→ WHAT YOU SHOULD DO:
Set down each line of the data exactly, but not the pictures.

→ AVAILABLE DATA:

###

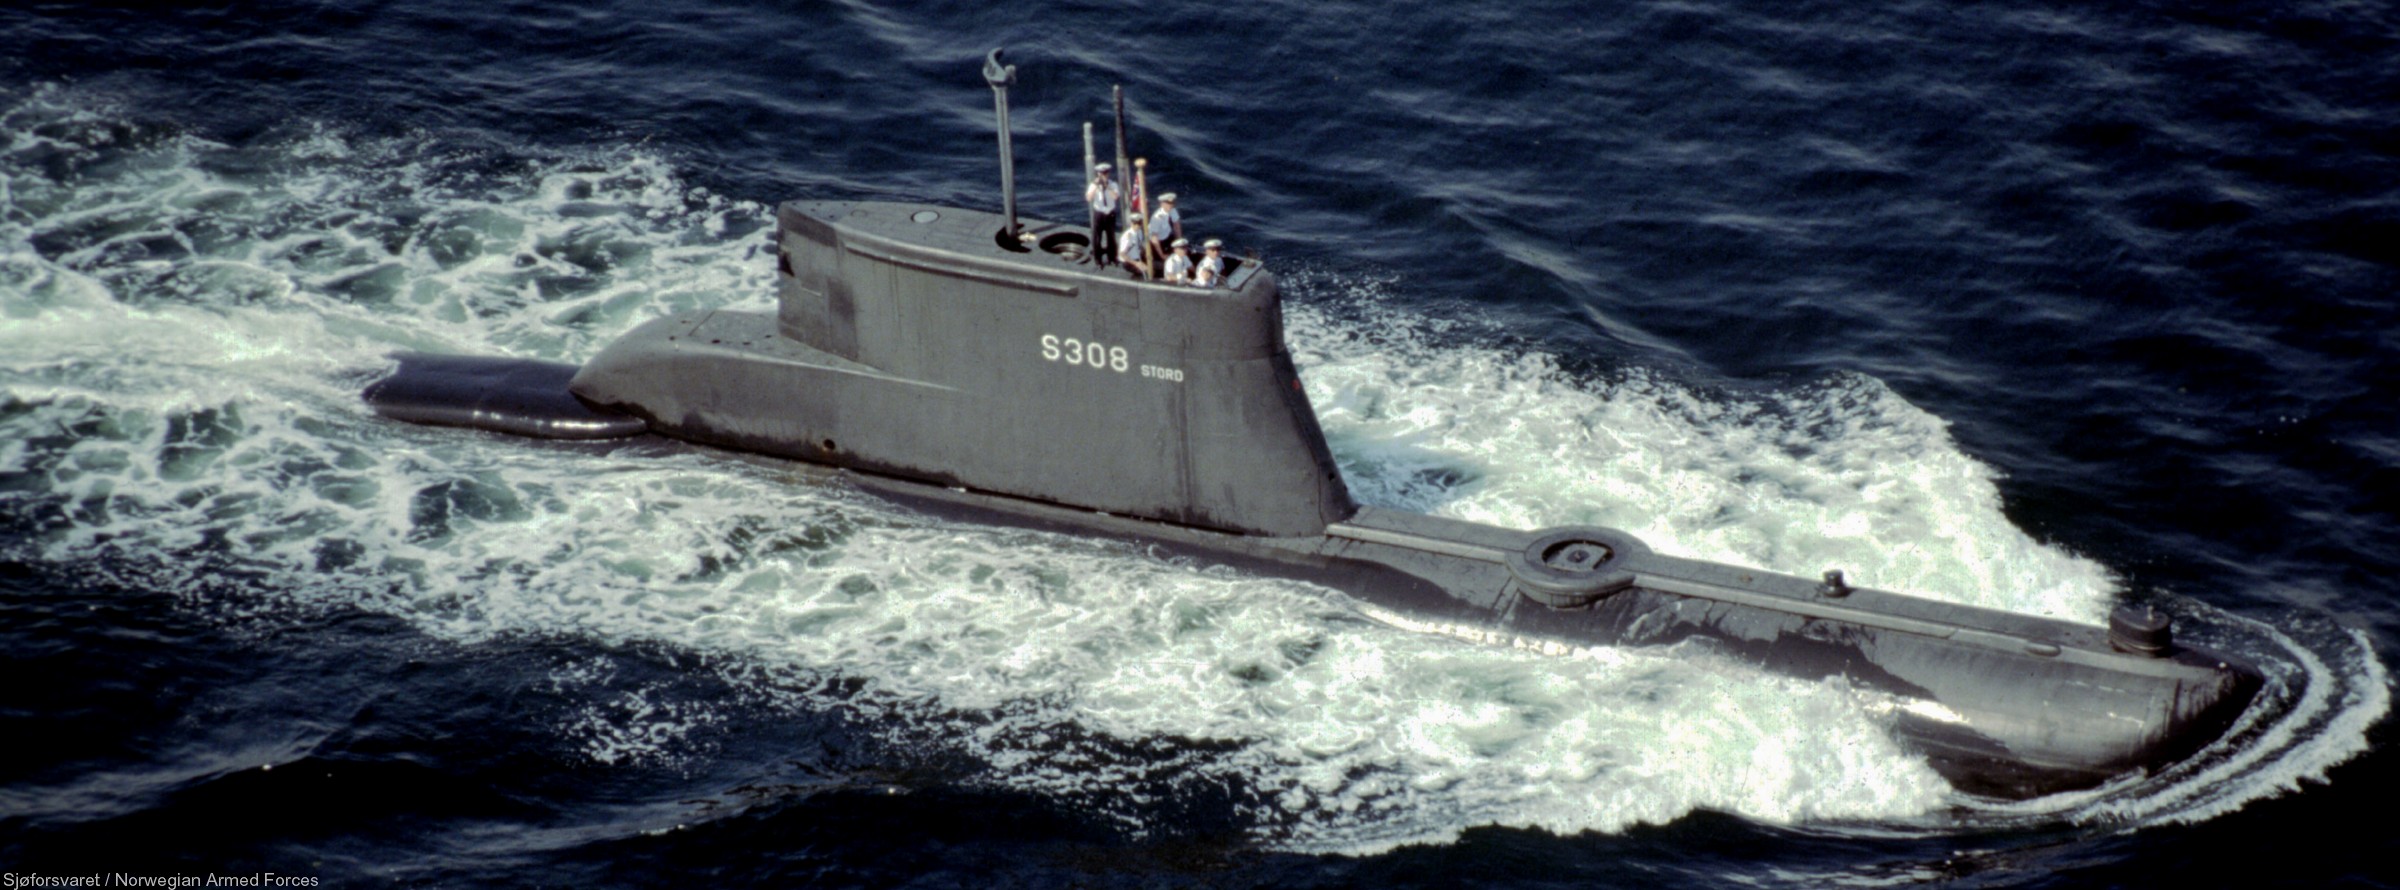 kobben class type 207 submarine royal norwegian navy sjøforsvaret knm hnoms s308 stord 02
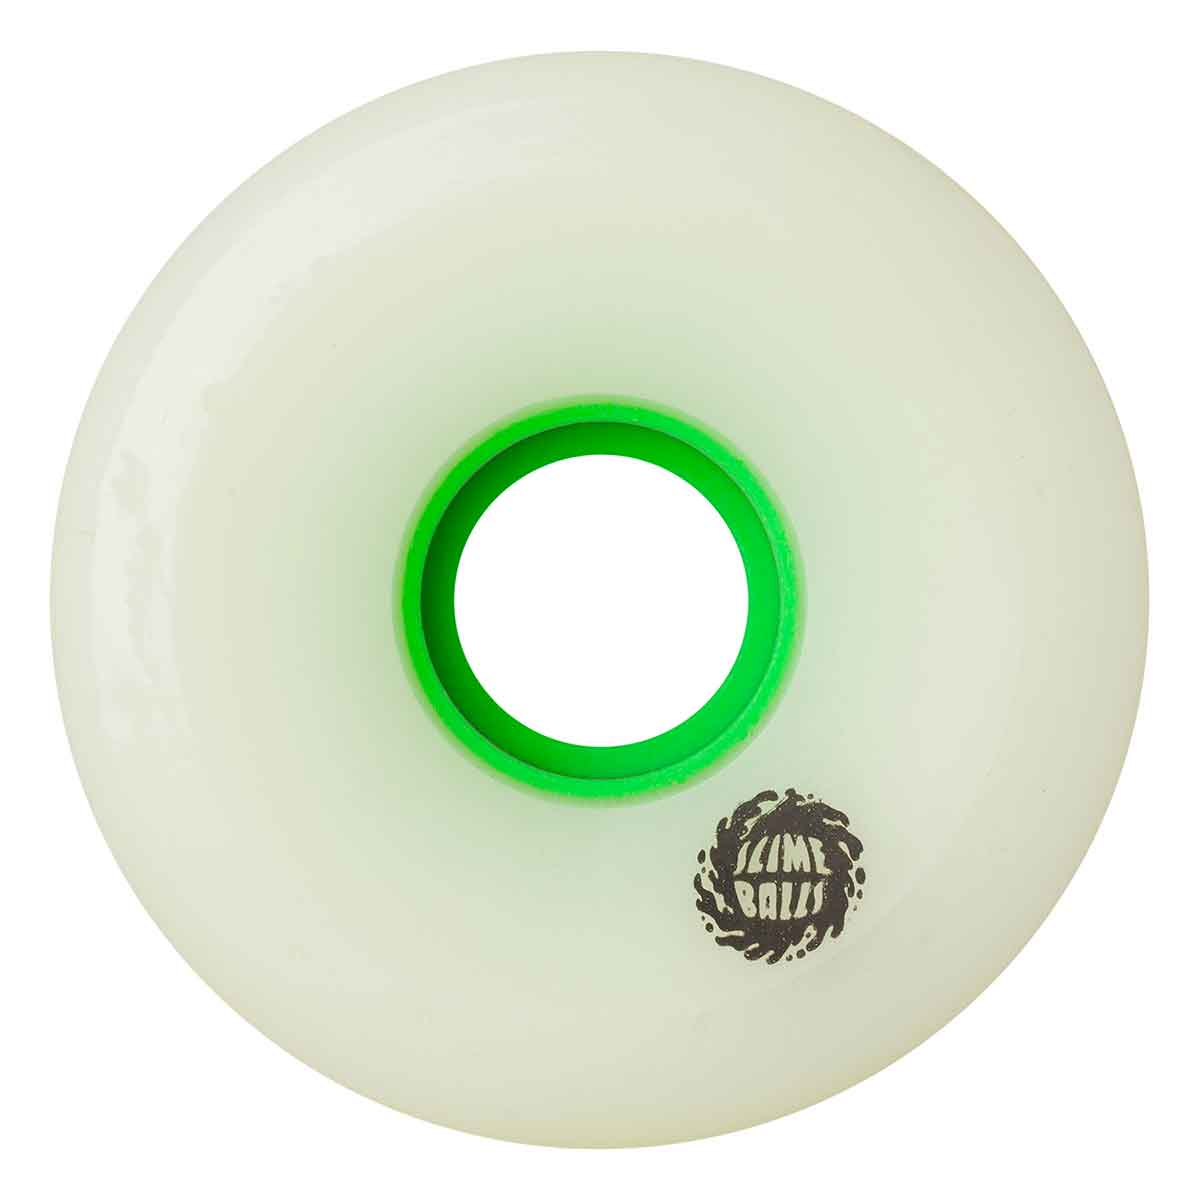 Slime Balls OG Slime 66mm 78a Blue & Green Skateboard Wheels
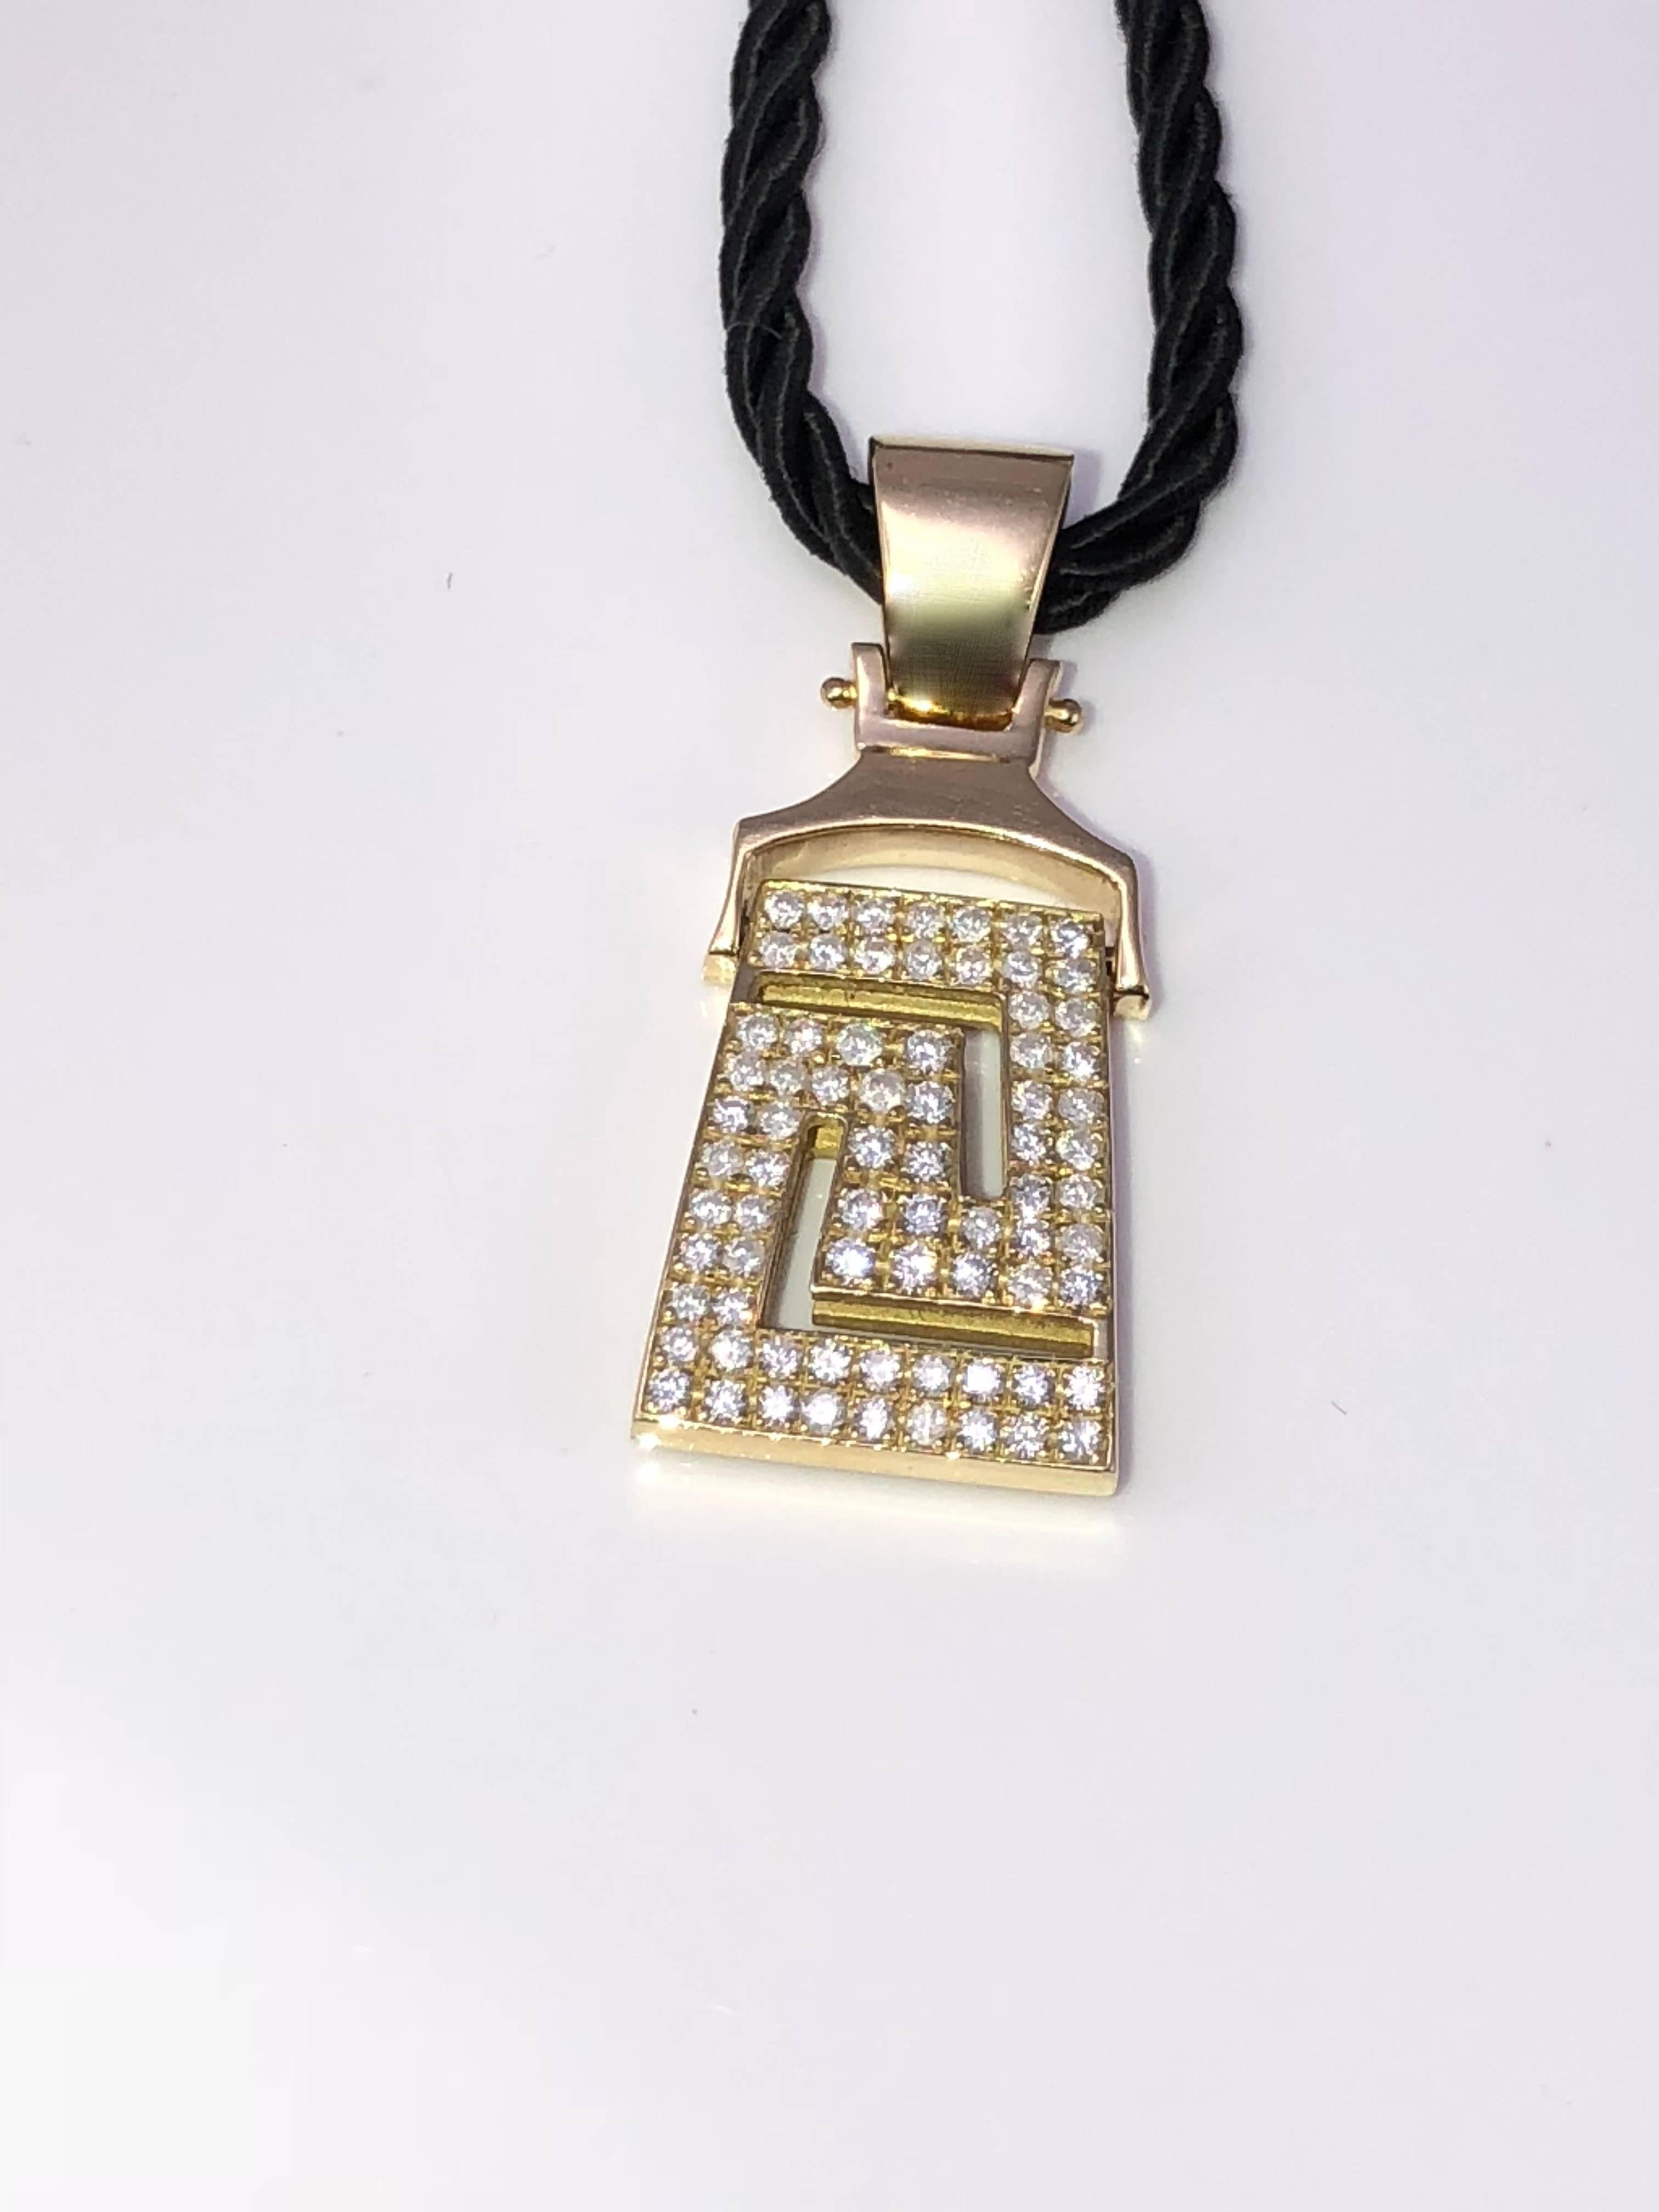 S.Georgios Designer-Halskette aus 18 Karat Gelbgold mit Diamanten, die den griechischen Schlüssel als Symbol für die Ewigkeit darstellt. Der atemberaubende Anhänger verfügt über weiße Diamanten im Brillantschliff mit einem Gesamtgewicht von 1,04

###

→ EXPECTED OUTPUT:
 kobben class type 207 submarine royal norwegian navy sjøforsvaret knm hnoms s308 stord 02
 Slime Balls OG Slime 66mm 78a Blue & Green Skateboard Wheels
 S.Georgios Designer-Halskette aus 18 Karat Gelbgold mit Diamanten, die den griechischen Schlüssel als Symbol für die Ewigkeit darstellt. Der atemberaubende Anhänger verfügt über weiße Diamanten im Brillantschliff mit einem Gesamtgewicht von 1,04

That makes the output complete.